4. THE OPPOSING SHORE by Julien Gracq

Can writing be "too poetic"? Or was it simply that I didn't like Julien Gracq's poetry? Still considered something of a classic in France, this book overwhelmed me with winding sentences and metaphors heaped upon metaphors.

5. TROUBLES by J. G. Farrell

A comedy of manners that just so happens to be set in a crumbling hotel at the time of the start of the Irish "troubles" at the turn of the century. Darkness continually edges into the light but never overwhelms. A great book.

6. THE COLOSSUS OF MAROUSSI by Henry Miller

In which the author goes to Greece in the late '30s (before the war forces him to sail back for the States). Ecstatic, brilliant, lovely, one of the great writer's very best books.

7. THE TIME OF THE ASSASSINS by Henry Miller

Miller's so-called "study" of French juvenile delinquent and genius poet Arthur Rimbaud is just as much, if not more, about Henry Miller. Which is not such a bad thing if you like ol' Hank.
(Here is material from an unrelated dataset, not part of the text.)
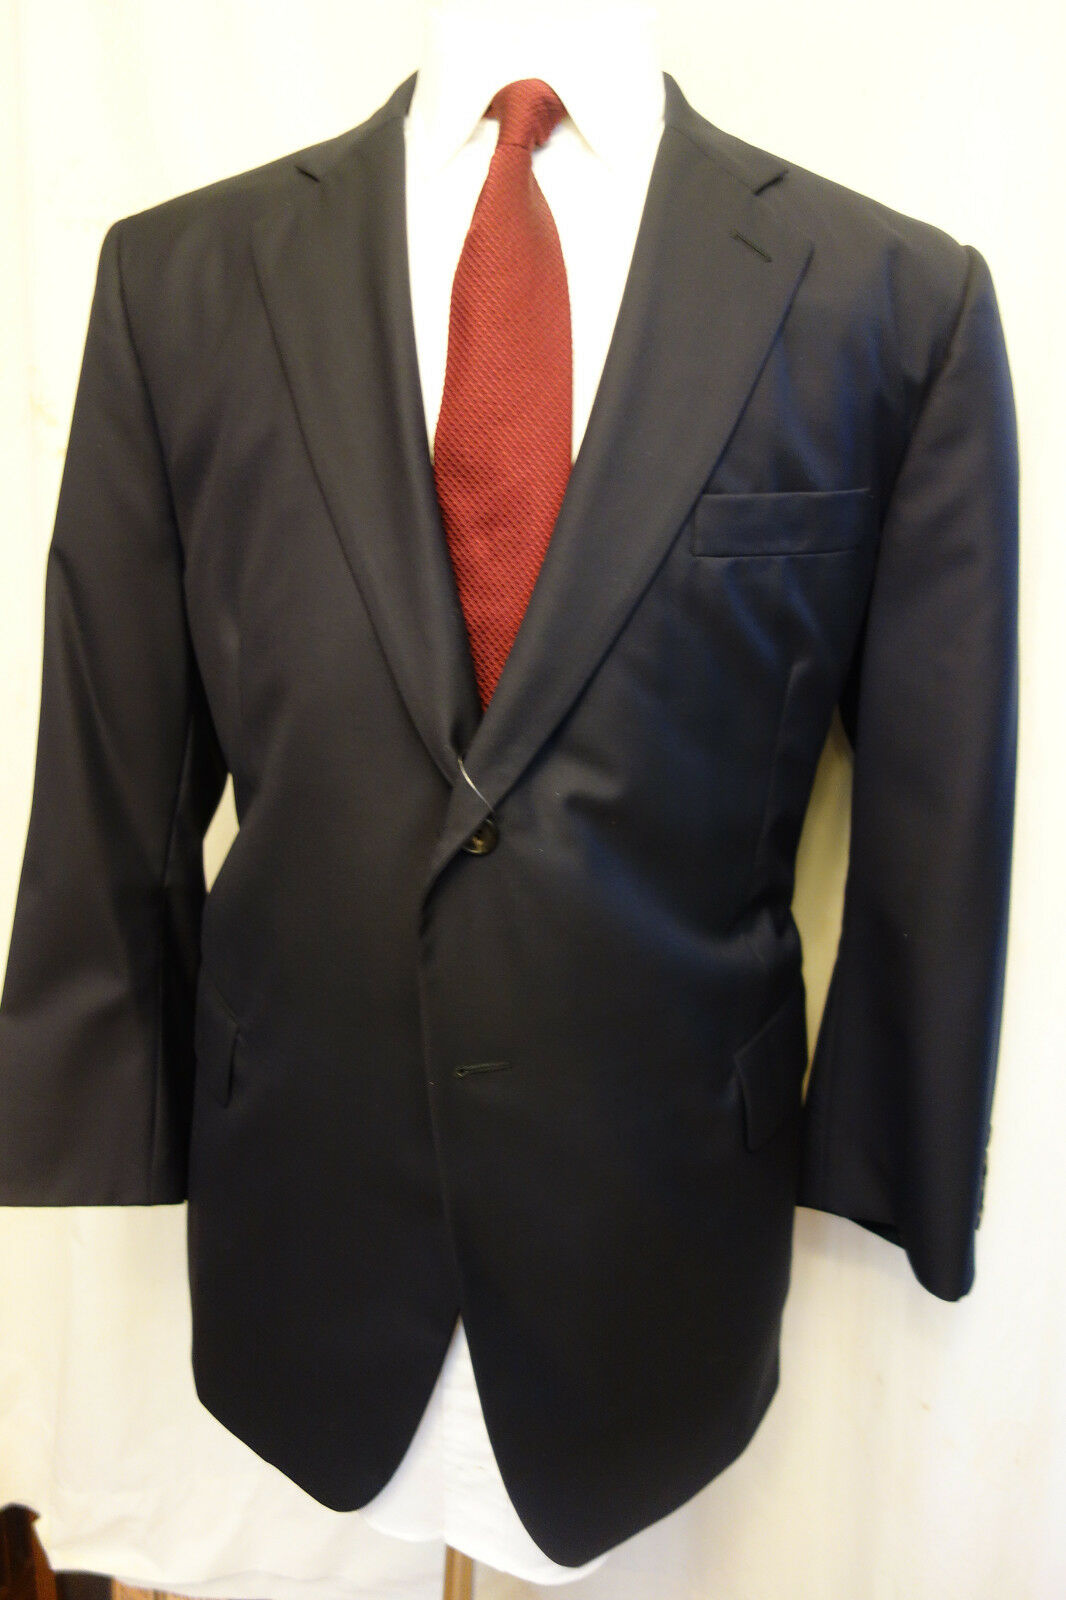 NWOT Brooks Brothers Golden Fleece Navy Blau Wool Blazer 44S or 44XS USA

8. BEAUTY AND SADNESS by Kawabata Yasunari

Beauty and sadness, cruelty and madness. Kawabata's bleak little yarn about the repercussions of a man deflowering a 15 year-old girl and their meeting twenty years later.

9. SNOW COUNTRY by Kawabata Yasunari

Wintry, chilling, and hauntingly beautiful. Nobel-winner Kawabata's best-known, a great novel.

10. THOUSAND CRANES by Kawabata Yasunari

If I had to choose a favorite amongst Kawabata's slim novels, this might be it. Exquisite as the Japanese tea ceremony.

11. THE SEA AND POISON by Endo Shusaku

Endo's spare, baleful novel about the Japanese doctors who performed experiments on American POWs.

12. DEEP RIVER by Endo Shusaku

Better in theory than in execution, Endo's novel about a group of Japanese lost souls who tour India eventually becomes bogged down in the Catholic author's too-clearly underlined religious concerns.

13. QUICKSAND by Tanizaki Junichiro

Fiendishly clever, Tanizaki concocts a bored housewife who becomes enamored with a young woman at one of her art classes. Heated lesbian desire and madness in 1930s Japan. Can't go wrong.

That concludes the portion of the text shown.